To: E who wrote (58507)10/11/1999 2:50:00 PM
From: Zoltan!  Read Replies (1) | Respond to of 108807
 
>>Greatness in the White House: Rating the Presidents, from George Washington Through Ronald Reagan, by Robert K. Murray and Tim H. Blessing. Pages 81 - 89. Pennsylvania State University Press 1994.

What a joke!!! A "majority" of two. I checked amazon. Looks like few bought it or them.

David Brinkley stated in one of his last broadcasts on ABC that Reagan was the best he'd seen at inspiring the nation, including FDR, who was the first Prez he covered. (He also stated some scathing commentary on Clinton, which came off on the air - and it looks like he wanted it that way).

Eric Severeid of CBS stated that when he first saw Reagan during the war he could tell that Reagan was destined for greatness.



To: E who wrote (58507)10/11/1999 3:22:00 PM
From: Zoltan!  Read Replies (1) | Respond to of 108807
 
"There You Go Again"

Liberal Historians and the New York Times Deny Ronald Reagan His Due
Policy Review
March-April 1997, Number 82

On December 15, 1996, the New York Times Magazine published Arthur M. Schlesinger Jr.'s recent survey of 32 historians and other "experts." He had asked them to rate every U.S. president as "great," "near great," "average," "below average," or "failure."

Three presidents were ranked as "great": George Washington, Abraham Lincoln, and Franklin Roosevelt. Six were rated "near great": Thomas Jefferson, Andrew Jackson, James K. Polk, Theodore Roosevelt, Woodrow Wilson, and Harry Truman.

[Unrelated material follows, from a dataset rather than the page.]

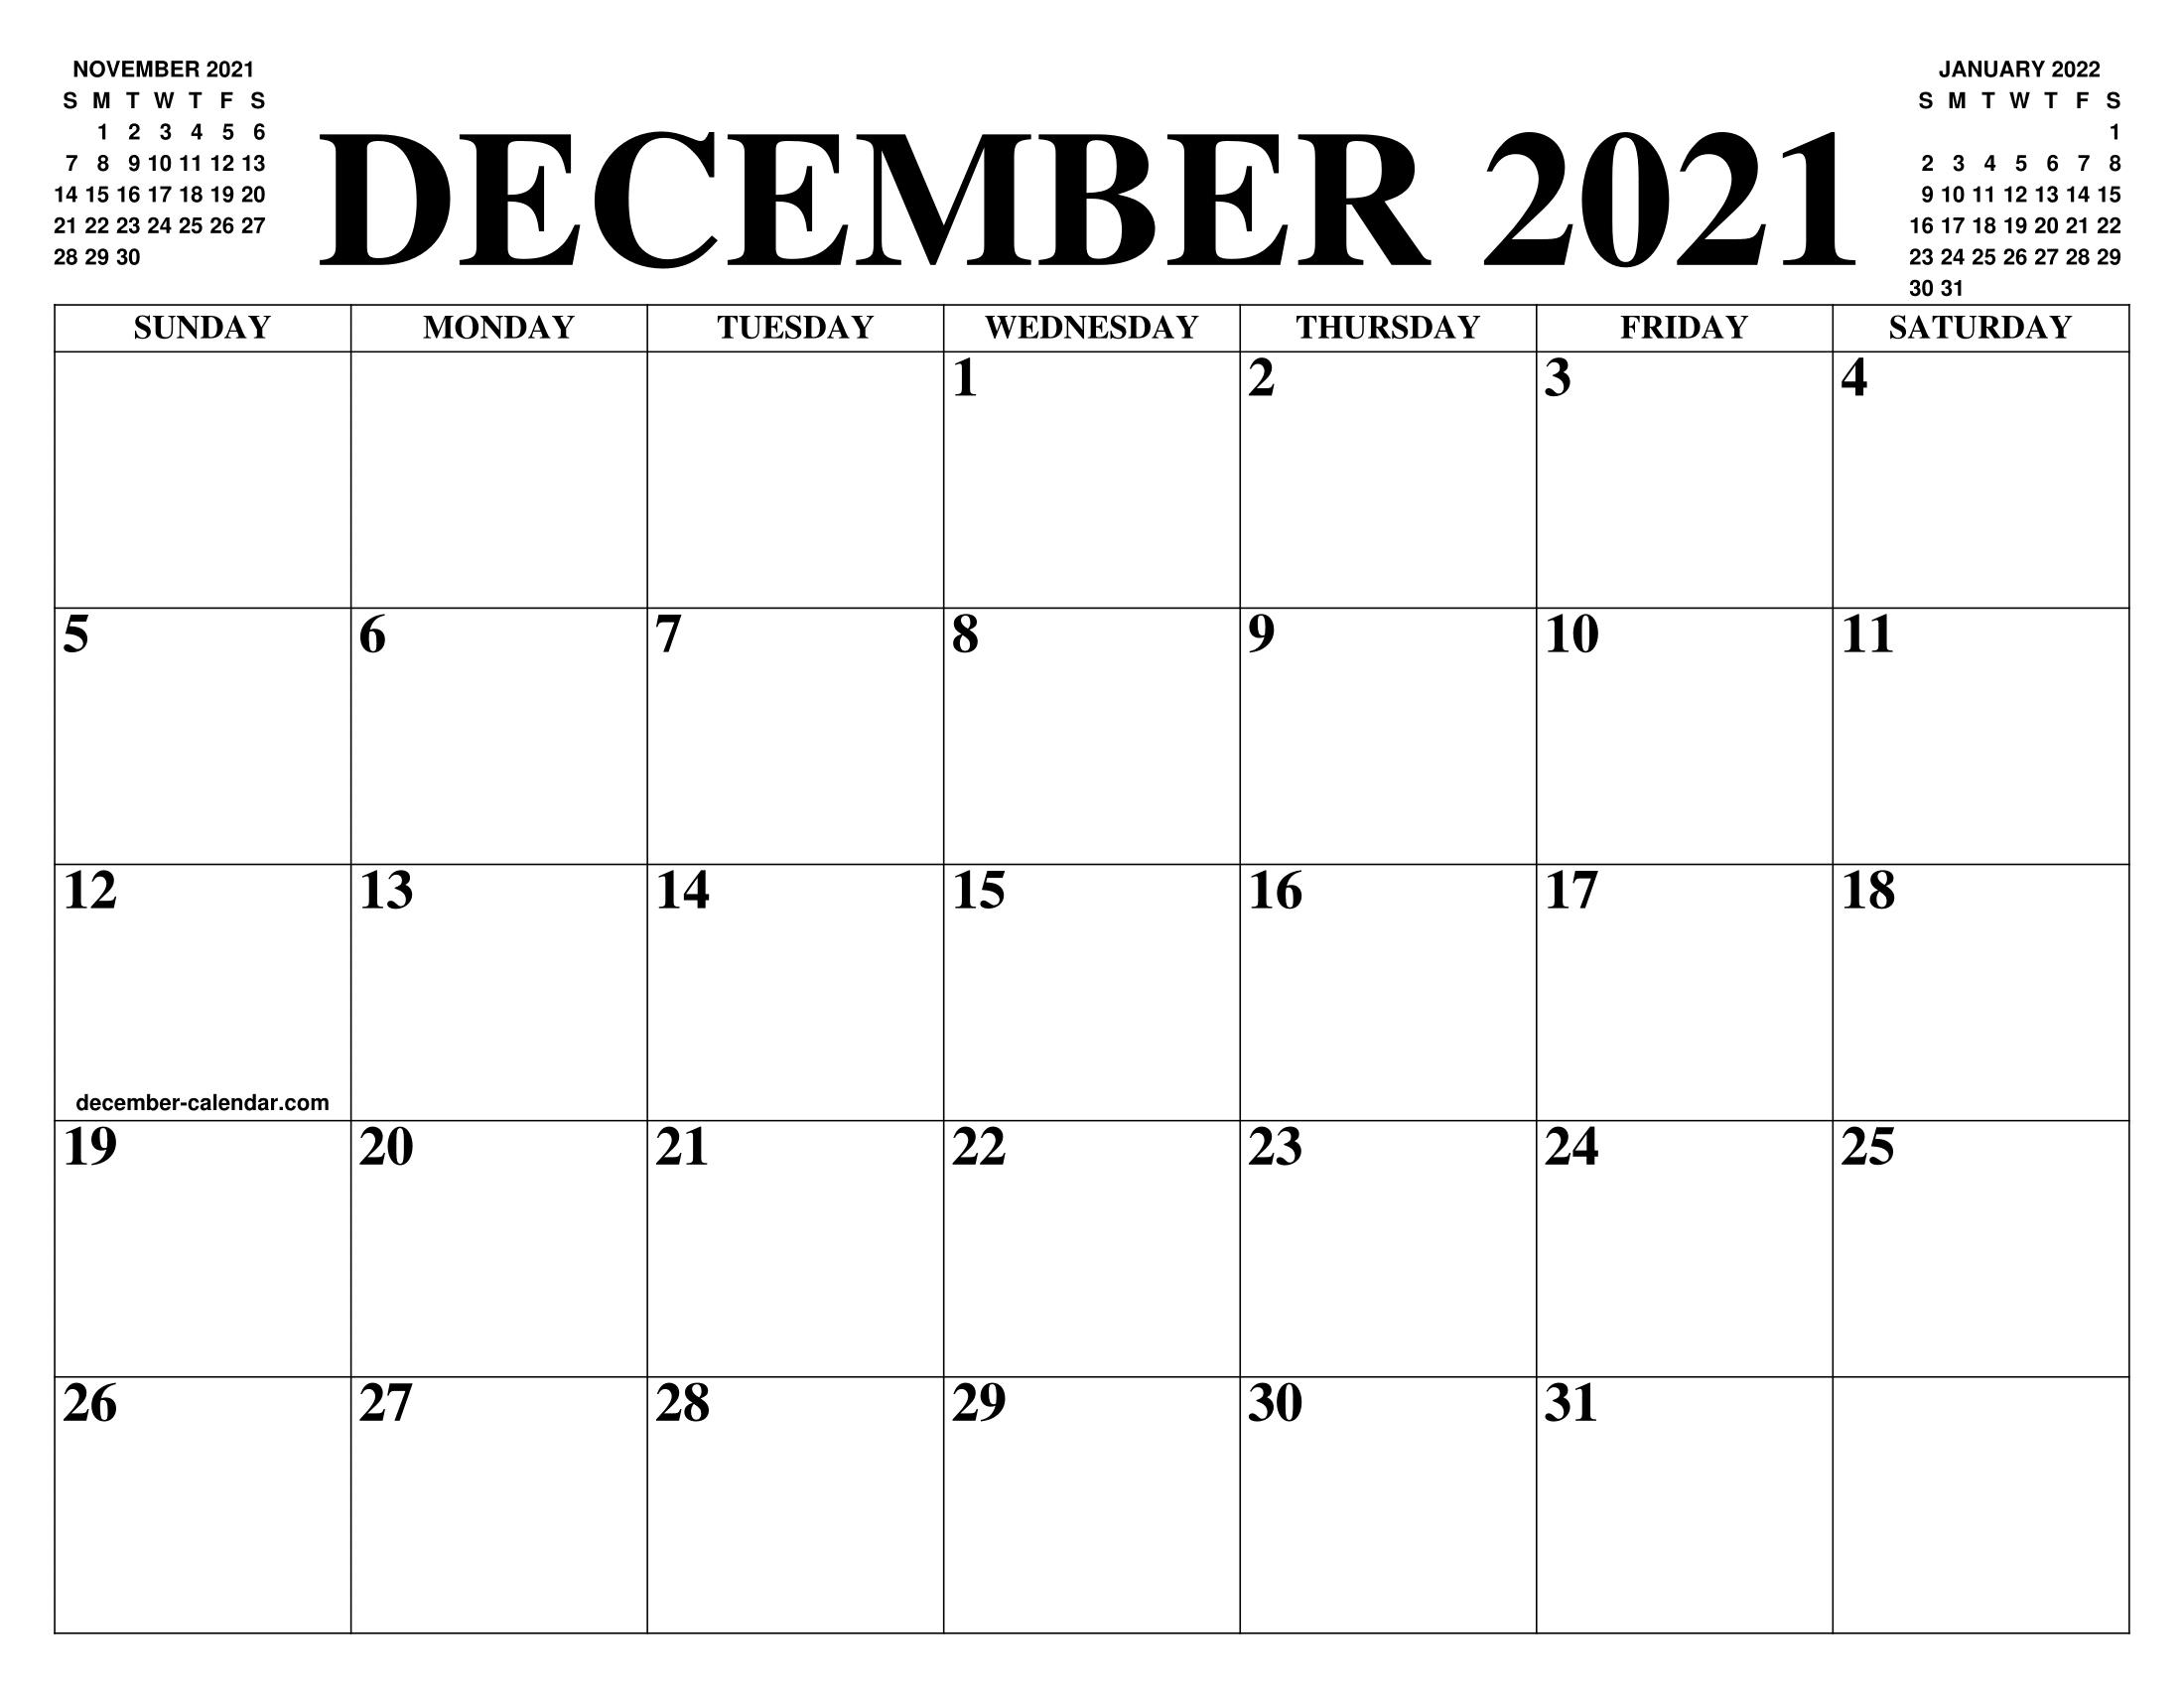 November December 2022 Calendar.December 2021 Calendar Of The Month Free Printable December 2021 Calendar Of The Year Agenda
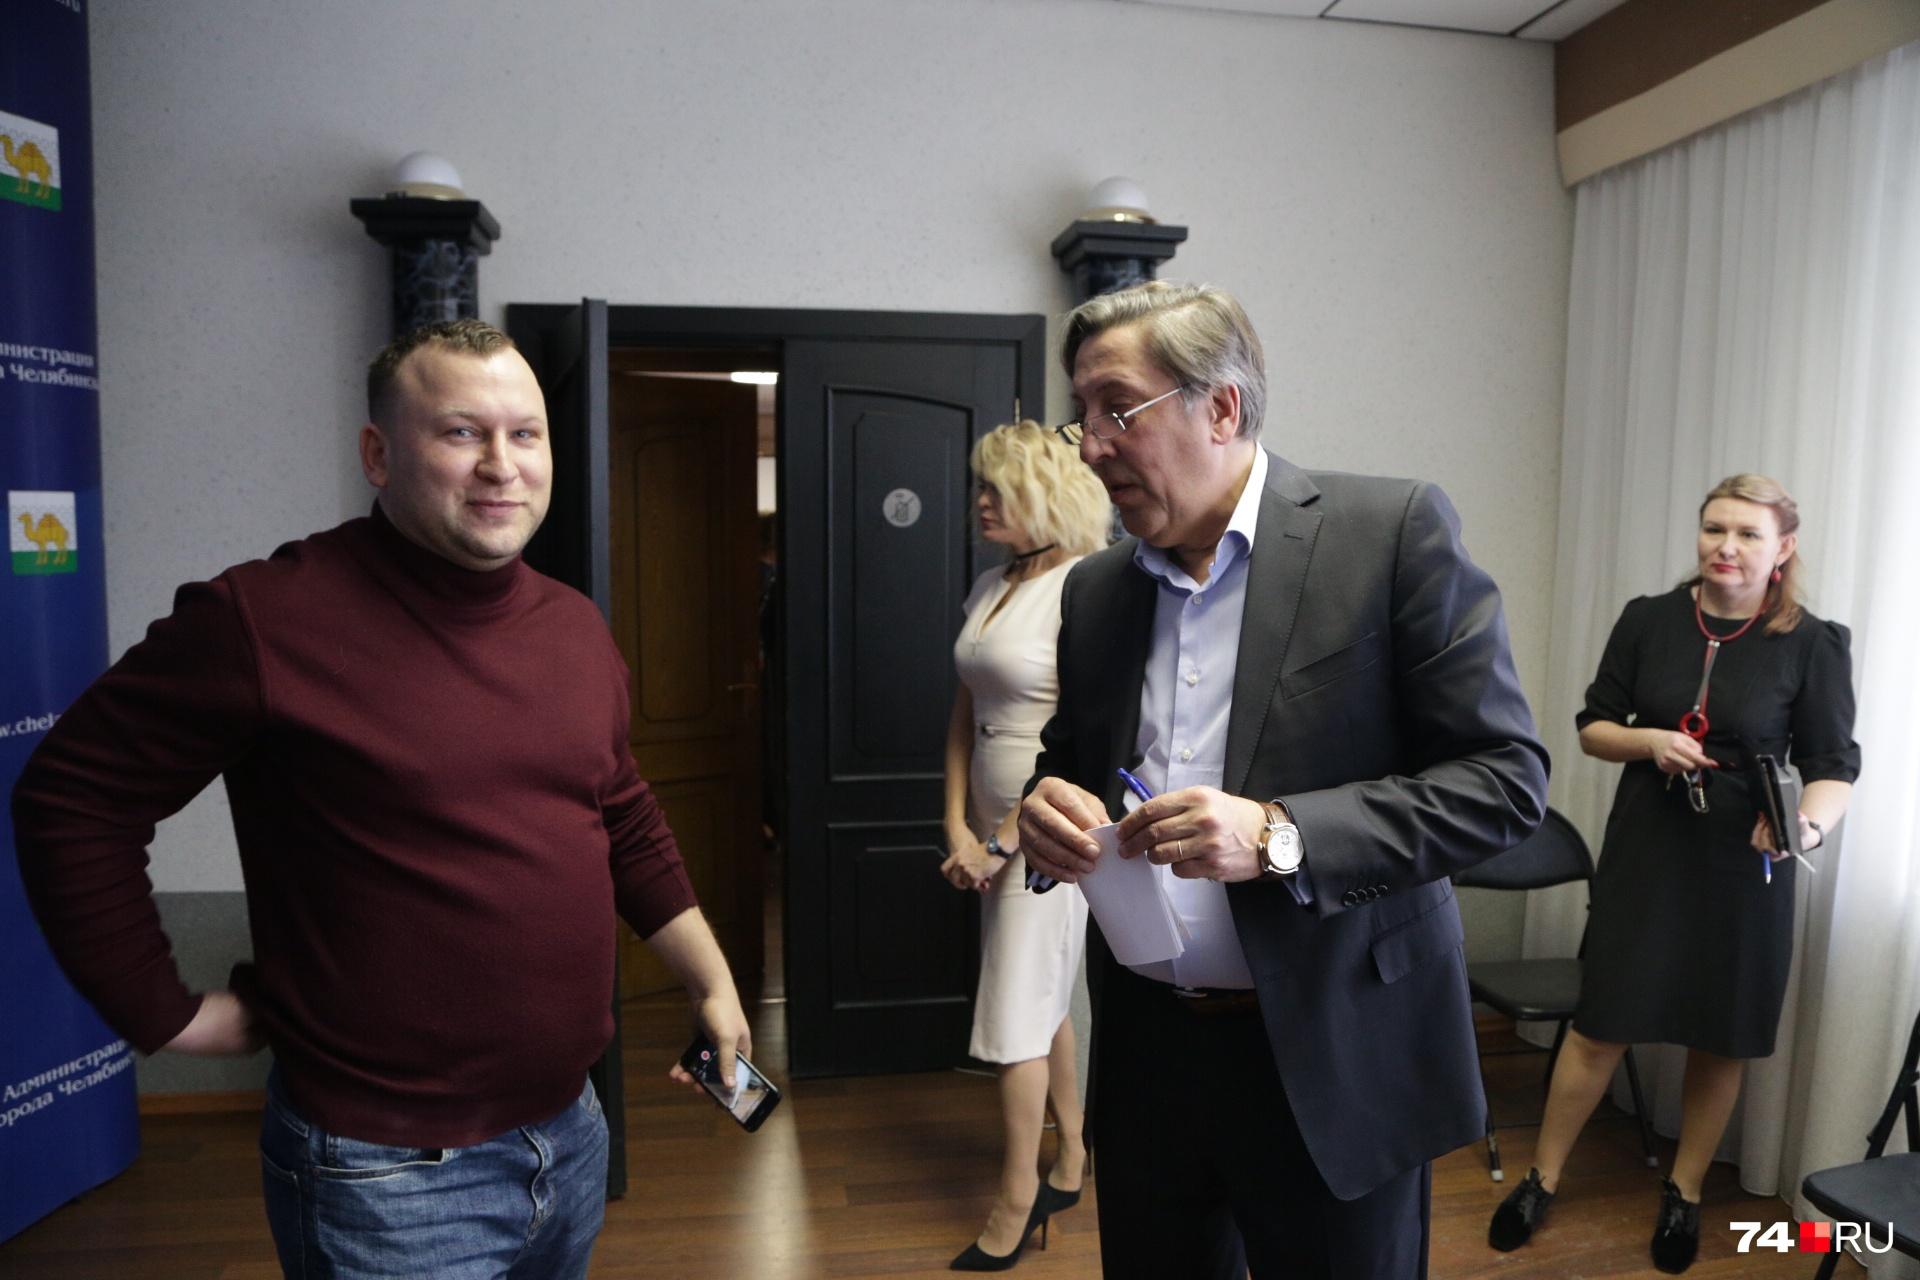 У Александра Лебедева (слева) вопросы к членам комиссии не заканчиваются. Отвечать пришлось Владимиру Бодрову (справа)

The most astonishing part of Schlesinger's poll was the low assessment his panel gave Bill Clinton's most illustrious recent predecessor: Ronald Reagan placed in the bottom half of the "average" category. Sharing this designation were Gerald Ford, Jimmy Carter, William Howard Taft, Chester A. Arthur, and Benjamin Harrison.

To be sure, Reagan generated anything but a consensus among the judges. Seven rated him "near great," eleven saw him as "average," nine considered him "below average," and four graded him a "failure." Still, something is amiss in Reagan's overall grade. A close inspection of Schlesinger's panel invites suspicion that participants were selected as much for the conclusions they were likely to reach as for their scholarly credentials.

Eminent presidential biographers Merrill D. Peterson (Jefferson), Robert V. Remini (Jackson), Arthur S. Link (Wilson), and Robert H. Ferrell (Truman) deservedly made the list. Authors sympathetic to the New Deal and its legacy, such as James MacGregor Burns, Doris Kearns Goodwin, and Alan Brinkley, were represented in abundance. Also there were Lyndon Johnson enthusiast Robert Dallek and left-of-center historian Eric Foner. To top it off, the panel included two liberal Democratic politicians, former New York governor Mario Cuomo and former Illinois senator Paul Simon. Forrest McDonald was the only conservative scholar represented.

Policy Review asked a number of leading authorities on the presidency whether they agreed with the Schlesinger panel's assessment of Reagan. Their answers follow.

-- Alvin S. Felzenberg

Alvin S. Felzenberg holds a Ph.D. in politics from Princeton University. He has taught courses on the presidency there and at other institutions.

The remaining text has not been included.